> [Records to use]:
=== Begin Enclosure ===

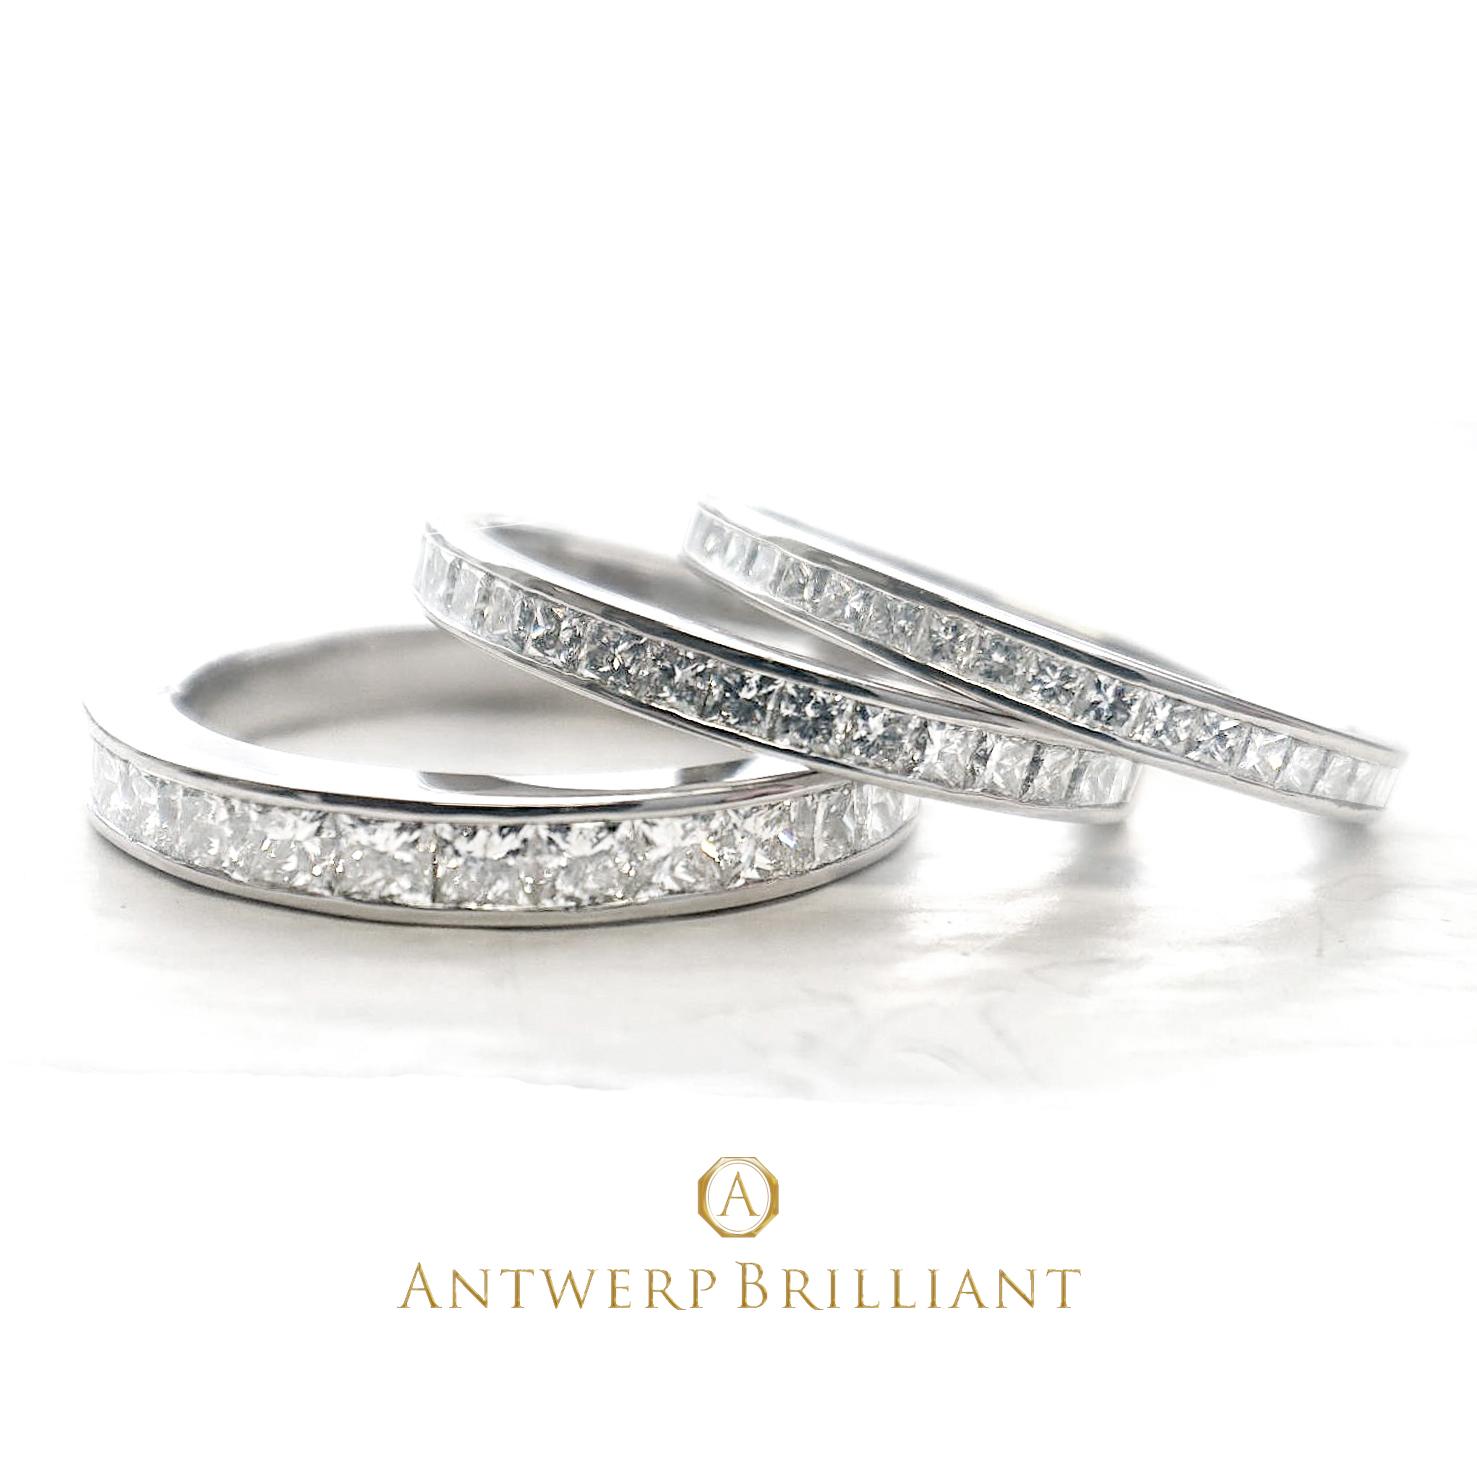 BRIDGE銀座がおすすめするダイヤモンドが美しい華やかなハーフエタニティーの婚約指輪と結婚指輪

=== End Enclosure ===
=== Begin Enclosure ===

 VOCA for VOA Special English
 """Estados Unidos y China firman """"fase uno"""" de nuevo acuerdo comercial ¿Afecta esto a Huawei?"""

=== End Enclosure ===

> [Assignment]:
Retype only the stretch of lines above starting at the one with "VOCA for VOA Special English" and stopping at the one with "Unidos y China", exactly as written, with both kept.

> [Worked solution]:
 VOCA for VOA Special English
 """Estados Unidos y China firman """"fase uno"""" de nuevo acuerdo comercial ¿Afecta esto a Huawei?"""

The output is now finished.